Based in a set of rules that are applied non-deterministically to systems of equations, we define an "abstract" subsumption algorithm, a prove its correctness.

• Definition and verification of a concrete (and executable) subsumption algorithm: subsumption-one-definition-and-properties.lisp

As a particular case of the previous abstract subsumption algorithm, we define a concrete subsumption algorithm. This algorithm, given two terms, returns, whenever it exists, a substitution such that applied to the first term gives the second. Its verification is done using functional instantiation. Also is shown that subsumption is a quasi-ordering and several additional properties. These properties are proved using only the soundness and completeness theorem of the defined algorithm.

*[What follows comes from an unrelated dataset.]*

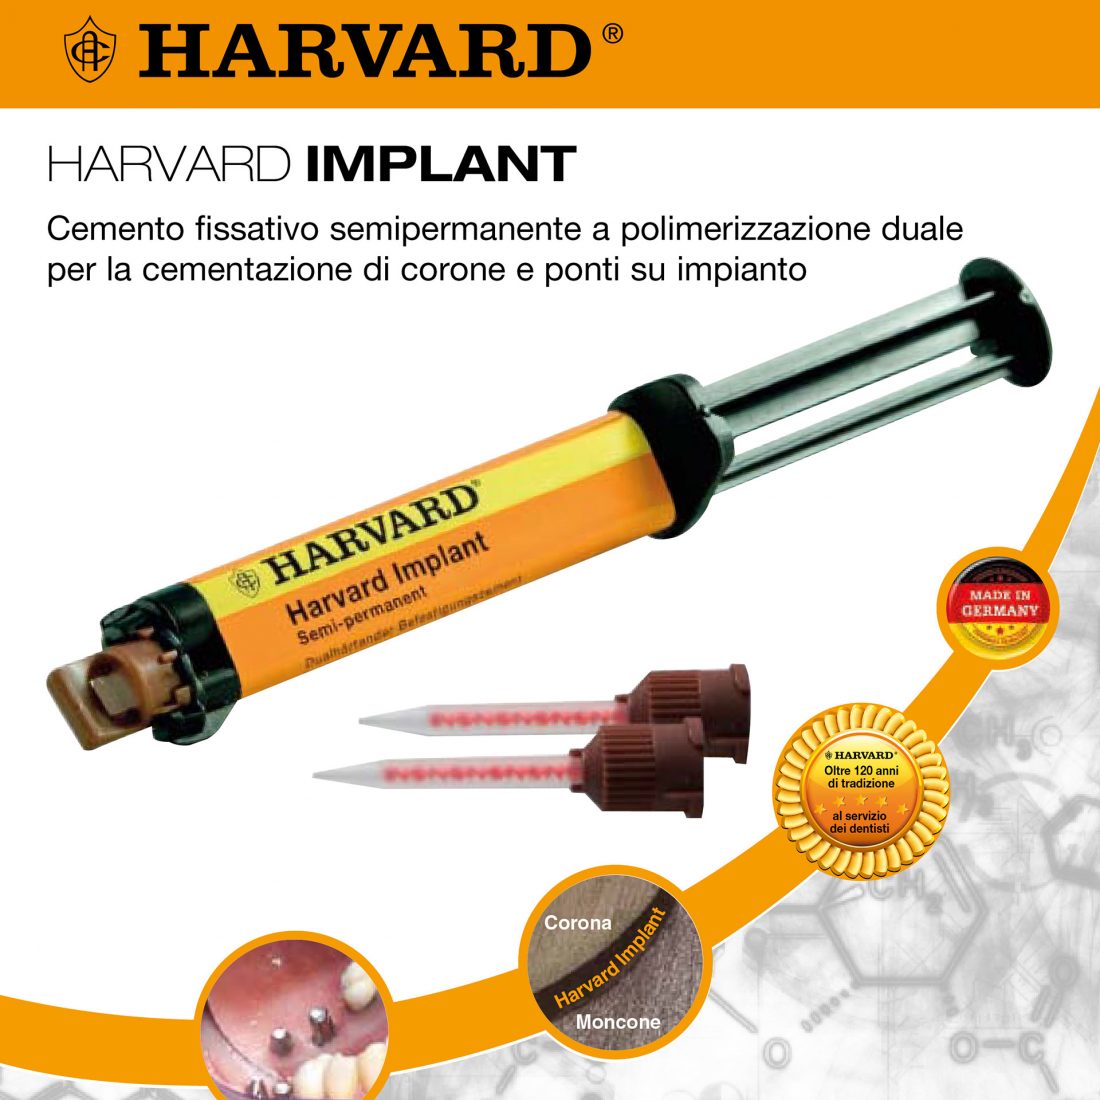 cemento fissativo Harvard implant

• A classical definition of a subsumption algorithm: subsumption-definition-v0.lisp

This book is based on an old events file in Nqthm. A clasical recursive definition is used to define a subsumption algorithm. Although it's not used for the rest of books in this page, the proof techniques used are interesting in its own.

• Renamings (definitions and properties):renamings.lisp

The concept of renaming substitution is defined and some properties are proved. Also two kinds of renamings are proved to be renamings: integer renaming and variable renaming. Renamings are important for two reasons: "starndardization apart" and pretty printing of terms.

• Well-foundedness of subsumption between terms: subsumption-well-founded.lisp

An ordinal measure is given to prove that there is no infinite strictly decreasing chain of subsumed terms. These properties are proved using only the soundness and completeness theorem of the defined subsumption algorithm.

• Definition and properties of subsumption between substitutions: subsumption-subst.lisp

A suitable definition of subsumption between substitutions is given, avoiding some restrictions imposed by the language and our representation of substitutions. The definition is shown to verify the intended properties.

• Definition and verification of a non-deterministic rule-based unification algorithm: unification-definition.lisp

An "abstract" unification algorithm is defined and verified. This unification algorithm is defined as a set of transformations rules acting on sets of equations, based on the ones given by Martelli and Montanari. These rules are non-deterministically applied until a solution (or the lack of solution) is detected. A partially defined selection function is used to formalize non-determinism.

• Definition and verification of a concrete (and executable) unification algorithm: unification-one-definition.lisp

A particular unification algorithm is defined and verified, as a functional instance of the previously given.

• Definition and verification of an anti-unification algorithm: anti-unification.lisp

An anti-unification algorithm is defined and verified. This anti-unification algorithm, given two terms, returns a common generalization, subsumed by any other common generalization. Thus, we proved the existence of a least upper bound of two given terms, with respect to subsumption.

• Definition and verification of a most general instance algorithm: mg-instance.lisp

An "most general instance" algorithm is defined and verified. This algorithm, given two terms, returns a common instance, that subsumes any other common instance. Thus, we proved the existence of a greatest lower bound of two given terms, with respect to subsumption.

• The complete lattice of terms: lattice-of-terms.lisp

Just for mathematical recreation (and as a compilation of the previous books) we proved that we can define in the set of terms of B&M logic a complete lattice structure. To force the existence of glb of every pair of terms, we distinguish a term: the-top-term.